How to Revamp Corporate Governance During Crisis

The complete failure of corporate strategies of major financial institutions has resulted in the recent financial mayhem and called for unprecedented state intervention to guarantee the continued survival of the global financial order and has raised doubt over the adequacy of corporate governance of financial institutions. The current crisis has also revealed that the existence of non-executive directors on the board has proven to be an inadequate safeguard, particularly as many lack expert knowledge to effectively challenge their executive colleagues.

Although the corporate governance framework credibility is constantly being questioned as a result of current financial turmoil, it is rather critical to discard transitional emotion brought about by the crisis and remains rational. All stakeholders, including boards and shareholders, ought to accept their roles and responsibilities in what has happened, and learn critical lessons from this crisis to avoid repeating same mistakes in the future.

In response to the current economic crisis, many governments across the world have responded immediately, mainly focusing on fiscal and monetary measures with the view to lessen the impact of the downturn. Although policy makers are under short-term pressure to act swiftly, they are fully aware that revised policy framework should be designed for the long-term and subjected to adequate consultation and debate. The boards of companies should consider their own individual responses to the crisis.

A balance governance response from boards will gain momentum and is likely to be beneficial, particularly as the downturn continues to unfold. Such a response is likely to restore the confidence in shareholders, other stakeholders and will ensure the survival and sustained solid repositioning at the operational level. The misfortune of some corporations has provided important lessons for directors on corporate governance of all types of organizations across all business sectors.

The board should be composed of people with the varied and diversified skills, experience and knowledge which reflect the challenges facing today’s enterprise. Directors have to at least possess the right expertise to understand the fundamentals of the company’s business and potential risks. Experienced directors with prior experience of previous downturns may be a critical asset to today’s boardroom particularly at this stage of the financial crisis. The board should establish a mechanism for periodically refreshing its membership to reflect the environment and emerging risks.
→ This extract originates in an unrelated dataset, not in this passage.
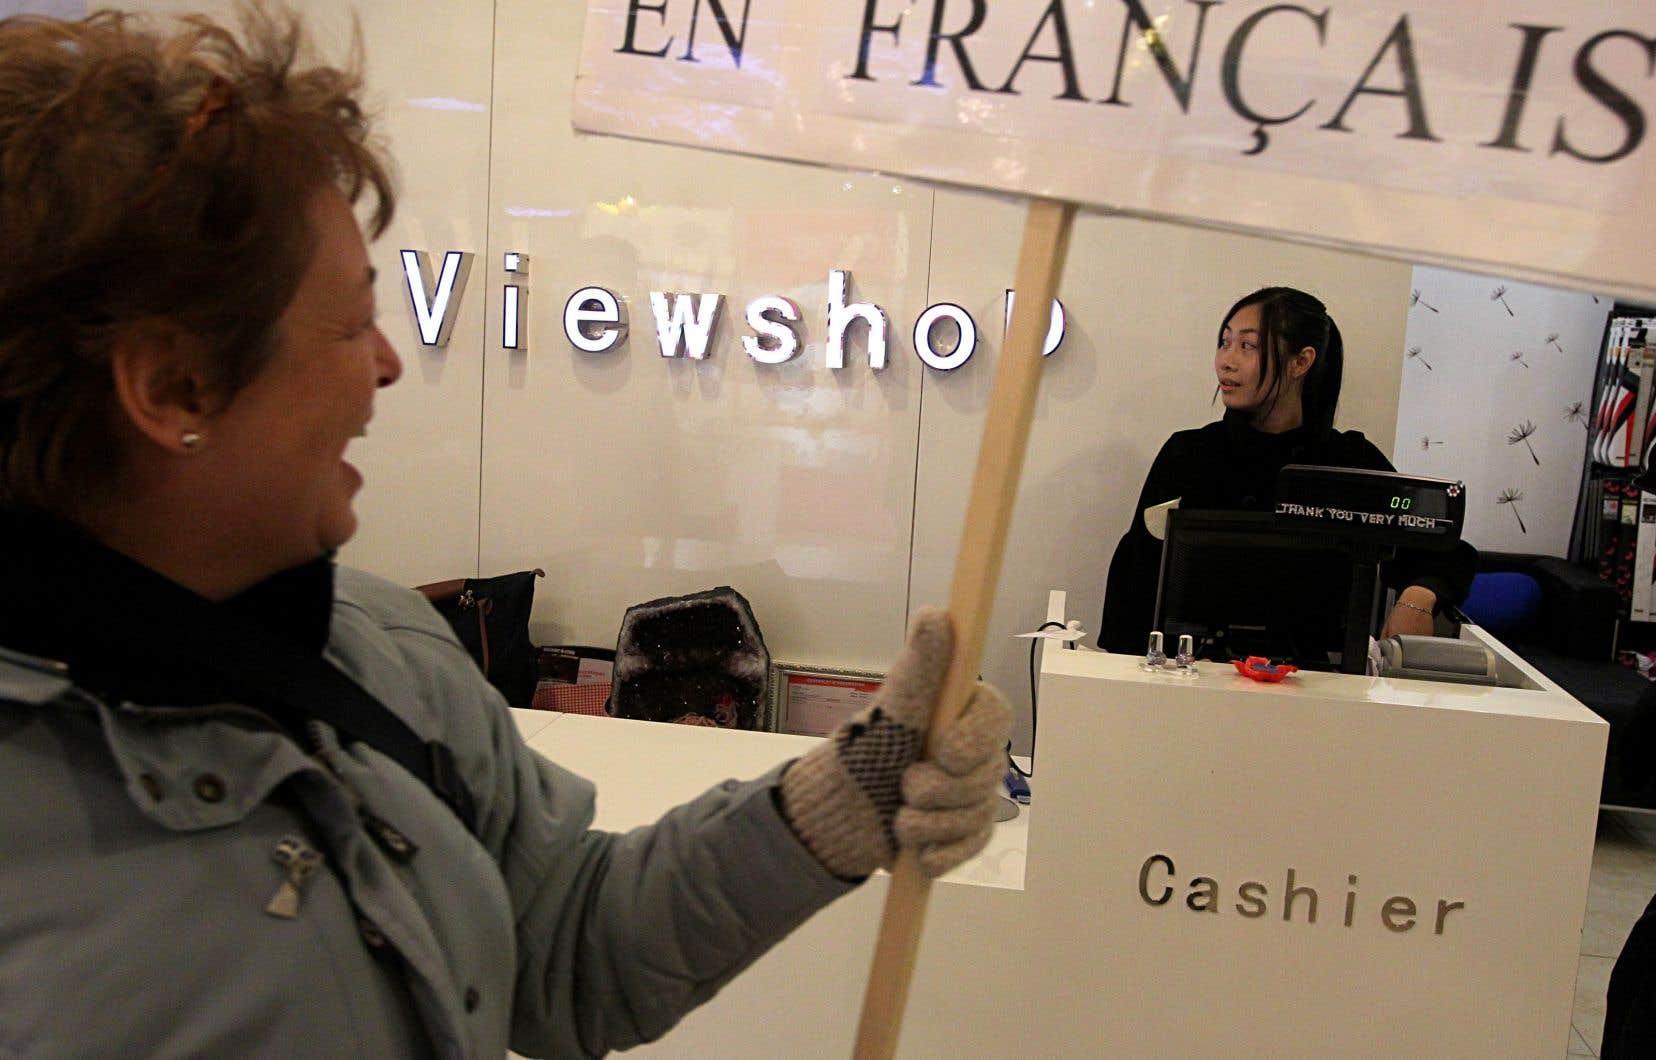 «Une société francophone calquée sur les sociétés anglo-saxonnes qui nous entourent ne me paraît pas être une victoire pour le français», insiste l'autrice.

The current crisis has highlighted the criticality of the board taking full responsibility of risk, which should be acknowledged and embraced by the boards of companies in all sectors of the economy. After all, risk management is a key board responsibility and risk is centered at the heart of entrepreneurial activities of any business. The board has therefore a pivotal role to play in terms of quantifying the risks inherent in corporate strategies, defining and clarifying the company risk appetite, and making certain that appropriate resources are allocated to risk identification, prevention, and mitigation.

Risk oversight is a collective board responsibility, and the full board needs to be engaged in significant discussions of the overall strategic risks associated with the business, bearing in mind the relationship between business strategy and risk. It is fair to suggest that the biggest failure of boards, regulators and shareholders in the current crisis is that they did not properly evaluate and challenge the risk of overall business strategies.

A communication line needs to be established between the executive management and the board to alert the board of significant risks on a timely basis. This could be achieved by ensuring that the head of internal audit function has a joint reporting line to both the board and the Chief Executive Officer CEO. Current practices of sole reporting line to the CEO result in conflict of interest and could adversely impact the credibility of internal audit as a boardroom tool of risk oversight.

The absence of a chief risk officer representation on the board could be interpreted as that risk management is subservient to the operational interests of revenue-generating business units. Risk management should be placed high on the agenda of the board and is not relegated to a specialist department or individual. Sufficient time should be allocated by the board for risk management discussions.

A key governance principle has been highlighted by the current crisis that employees should not be rewarded for improper risks-taking actions, and the board should ensure that compensation scheme rewards long-term performance. Whilst such compensation package may vary from company to another, it is essential that boards define the rationale for their compensation scheme and take into account the way compensation awards are viewed by the outside world. After all, compensation transparency is an important aspect of retaining legitimacy and gaining the trust and confidence in stakeholders, regulators and the wider public.